Her body ached with sadness, the cause of which she imagined to be an army of earthworms slithering through her marrow. Her eyes were bleary. Because of the bourbon she kissed his forehead after he’d closed his eyes. When she found Gwen to tell her she was leaving, Gwen flashed a harsh look. “You be ready.”
Daphne left Linus’s apartment just as the doors of the narrow elevator snapped open to reveal his neighbor. Daphne could not bring herself to smile at anyone at that moment, so she just stared at Mathilde, who stared back before holding out her hand.
“This is yours, right?” she said in her impersonator voice. It was Eugenie’s blue phone.
“Why do you think that?”
“It was a guess.”
“Did you answer it when it rang?”
“Why would I do that?”
“Linus is resting,” Daphne told her. “You might want to come back later.”

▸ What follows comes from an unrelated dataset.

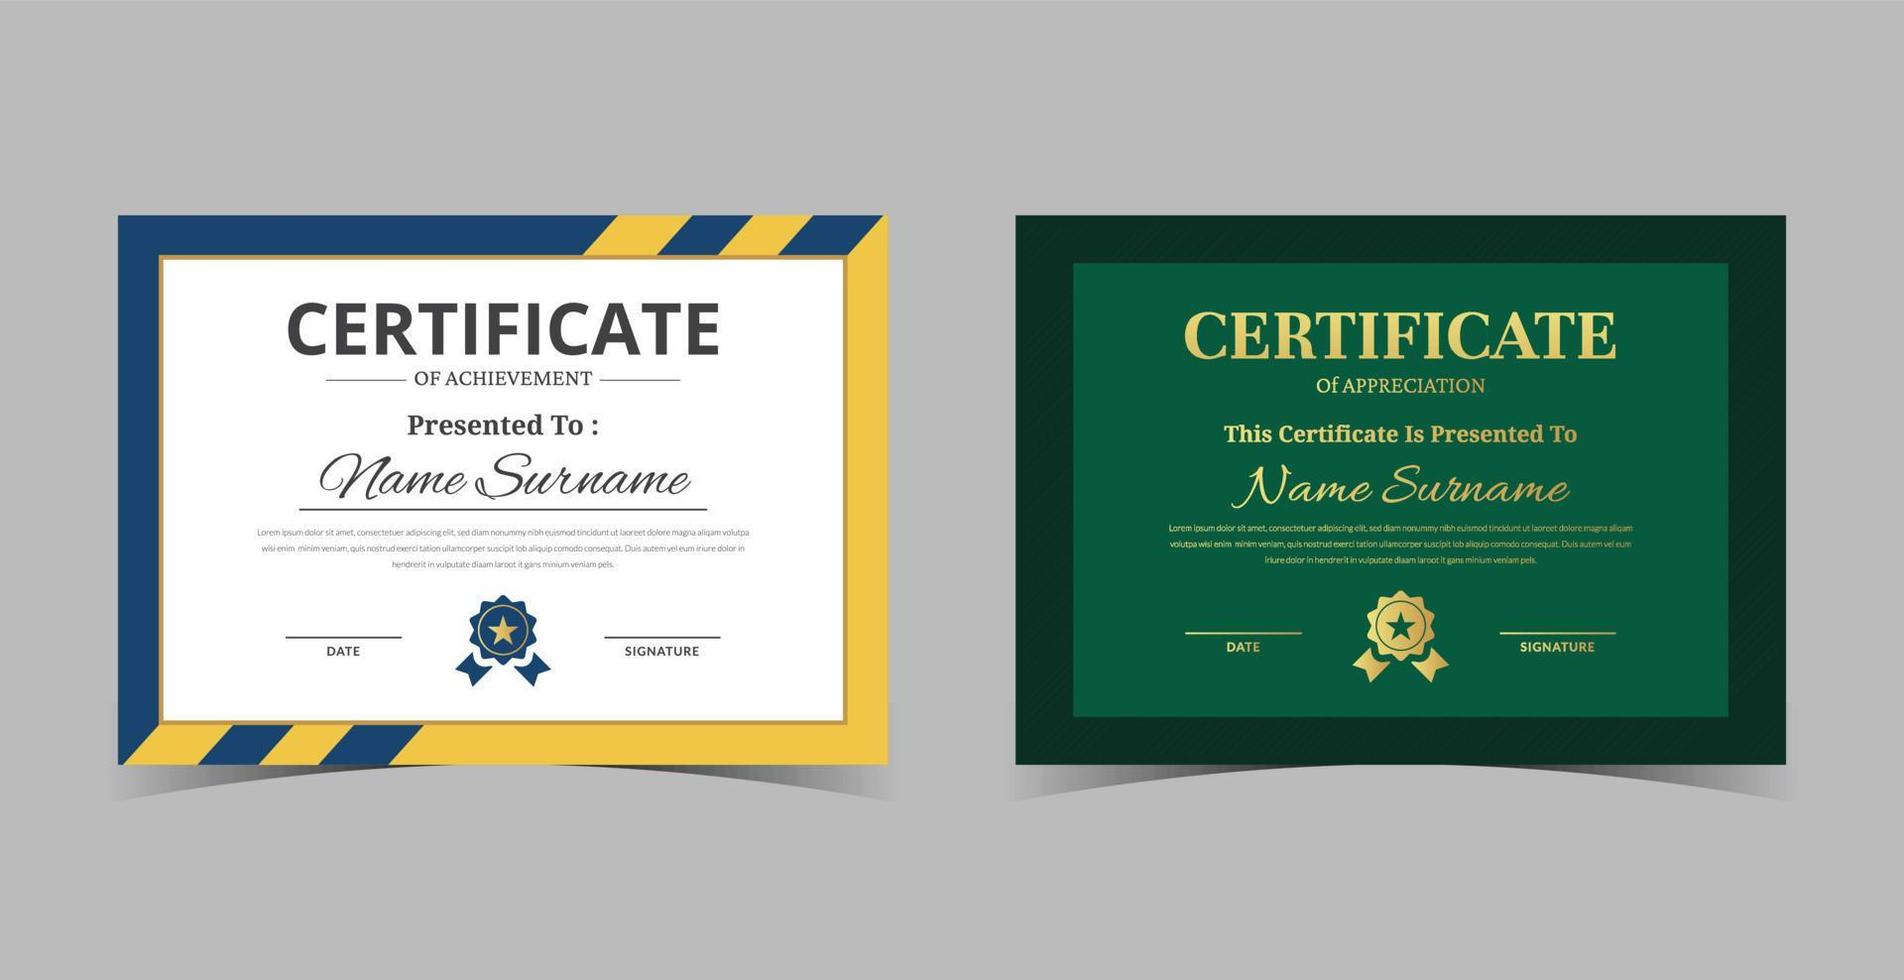 modèle de certificat d'appréciation, certificat de réussite, modèle de diplôme de récompenses vecteur

“I’ll have to check on him,” she said. She shoved the phone into Daphne’s hand.
Daphne waited for her to be greeted by Gwen and allowed inside before taking the stairs, the phone resuming its ringing before she reached bottom. In the lobby, the elevator chimed its return and opened its narrow doors. She walked over and placed the ringing phone inside the car by itself. She pushed the button for the sixth floor and left the building.